The national committee published its report in 1990. It made more than a dozen recommendations regarding firearms, including uniform legislation, a national gun-control strategy, a computerised firearms registry and a permanent amnesty for those surrendering unauthorised firearms.
The reaction from governments was lukewarm. All of that changed on April 28, 1996, in Port Arthur, Tasmania. On that day, a disturbed loner, Martin Bryant, used a high-powered semi-automatic weapon to gun down 35 innocents. At the time of his legitimate purchase of this gun, there was no requirement that he be licensed to use it, or that it be registered.
One month later, the Australasian Police Ministers’ Council agreed upon a strategy designed to ban specific firearms. A large-scale buyback of all semi-automatic rifles and pump-action shotguns took place. By August 1998, more than 640,000 guns had been surrendered to Australian authorities.
That initiative was accompanied by laws tightening licensing requirements, regulating gun registration and mandating safe storage of firearms along with training requirements for all gun owners.
Not all guns were surrendered, however. The Australian Crime Commission estimates that there may currently be as many as 250,000 illegal long-arms and 10,000 handguns in this country.
US is a tragic example of lax gun control
The NSW Coroner will examine the origin of the specific firearm used in the Martin Place siege in due course.

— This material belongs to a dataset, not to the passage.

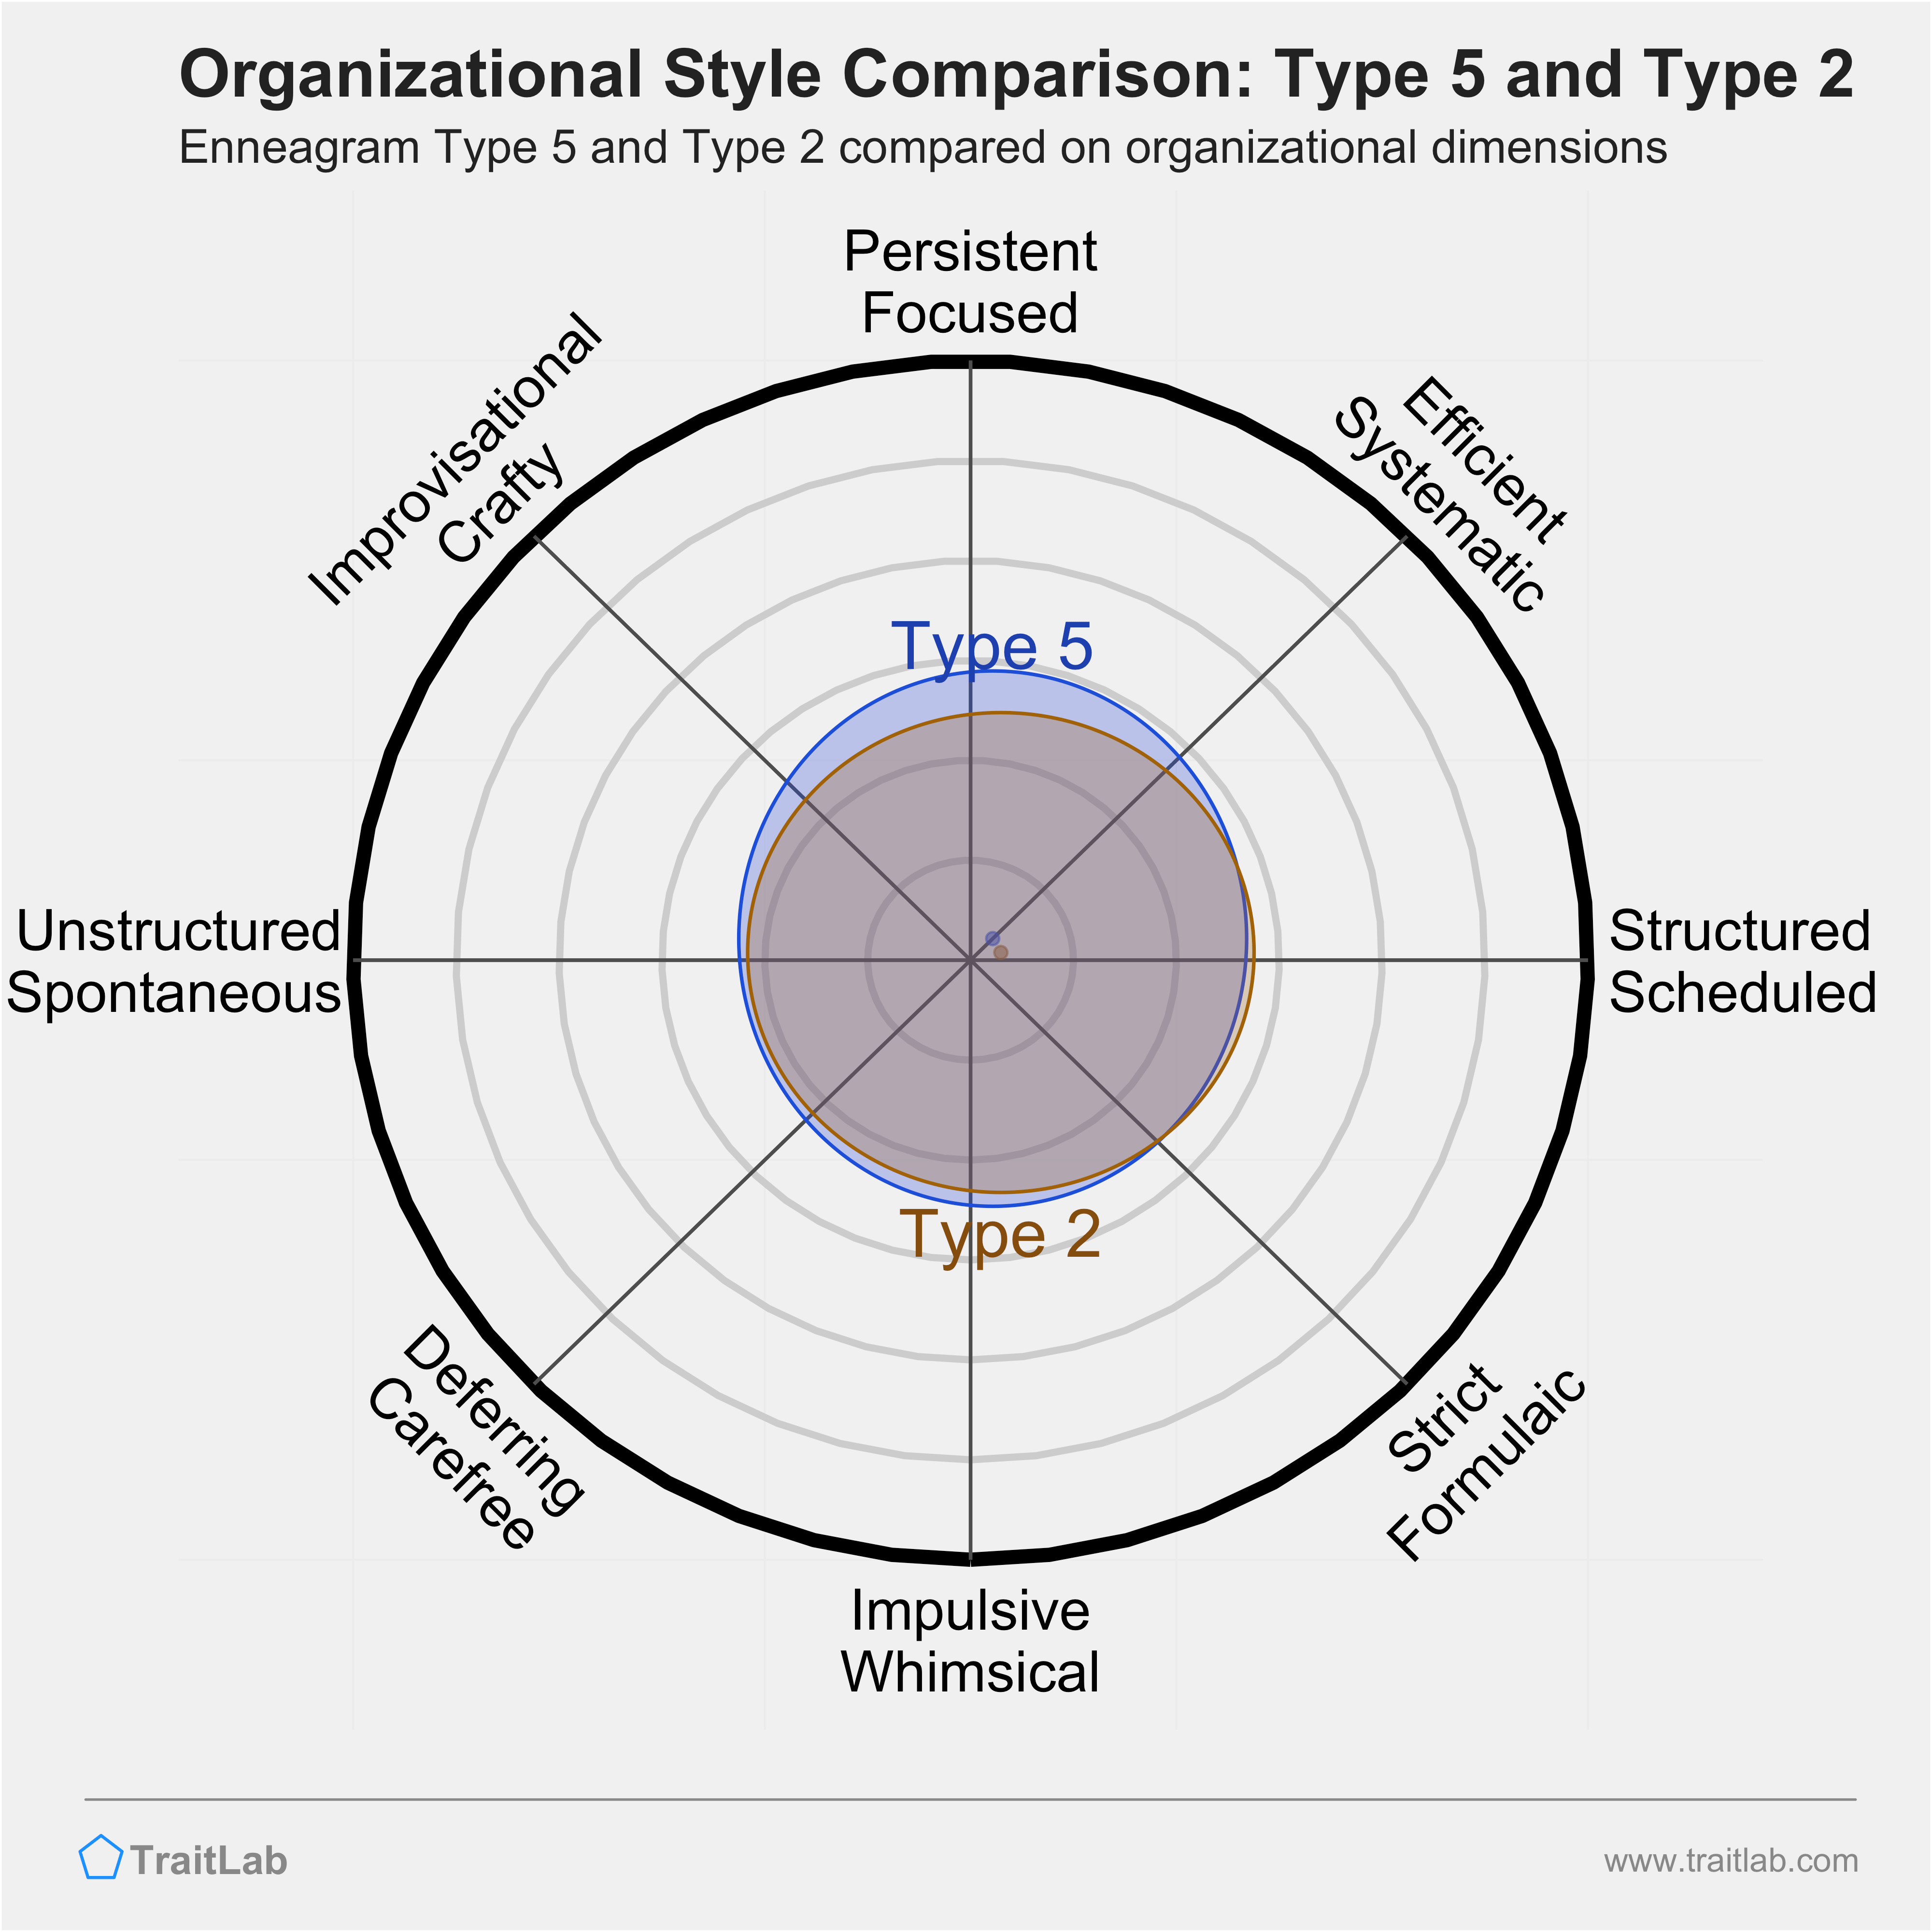 Type 5 and Type 2 comparison across organizational dimensions

A relevant question for the coroner is whether Australian legislators should hold the line and continue their strong record on gun control, or relax restrictions. The latter would move us closer to the position being adopted by a growing number of legislatures in the United States.
Some US legislators appear to believe that if guns could be placed more readily in the hands of private citizens, gun violence would be less likely because would-be assassins could be stopped in their tracks. Their citizens appear to agree. In the weeks after the Sandy Hook school massacre in December 2012, there was a massive upsurge in gun purchases.
This view should be rejected out of hand. The US gun homicide rate is more than ten times the Australian rate. It is also significantly higher than the rate in all other modern industrialised democracies. Theirs is hardly the model that we should be following.
The National Homicide Monitoring Program operated by the Australian Institute of Criminology reports that homicides resulting from the use of a firearm have decreased in this country since the restrictions came into place. In 1989-90, 25% of homicides were known to have involved the use of a firearm. By 2010–12, firearms were used in only 14% of homicides.
In a study published a decade after the laws took effect, researchers Christine Neill and Andrew Leigh concluded:
We find reductions in both gun homicide and gun suicide rates that are statistically significant, meaning that they are larger than would have been expected by mere chance … Our best estimates are that the gun buyback has saved between 128 and 282 lives per year.
Following a global analysis of the available evidence, Dutch academic John van Kesteren similarly concluded:
In high-gun countries, the risks of escalation to more serious and lethal violence are higher. On balance, considerably more serious crimes of violence are committed in such countries. For this reason, the strict gun-reduction policies of many governments seem to be a sensible means to advance the common good.
Australians would do well to pay heed to these words. Australia’s gun genie must stay well and truly in its bottle.
Quite coincidentally, in June 2014, the Australian Senate referred to the Legal and Constitutional Affairs References Committee for inquiry and report:
The ability of Australian law enforcement authorities to eliminate gun-related violence in the community.
The reporting date has been extended to March 26. We await their deliberations with great interest.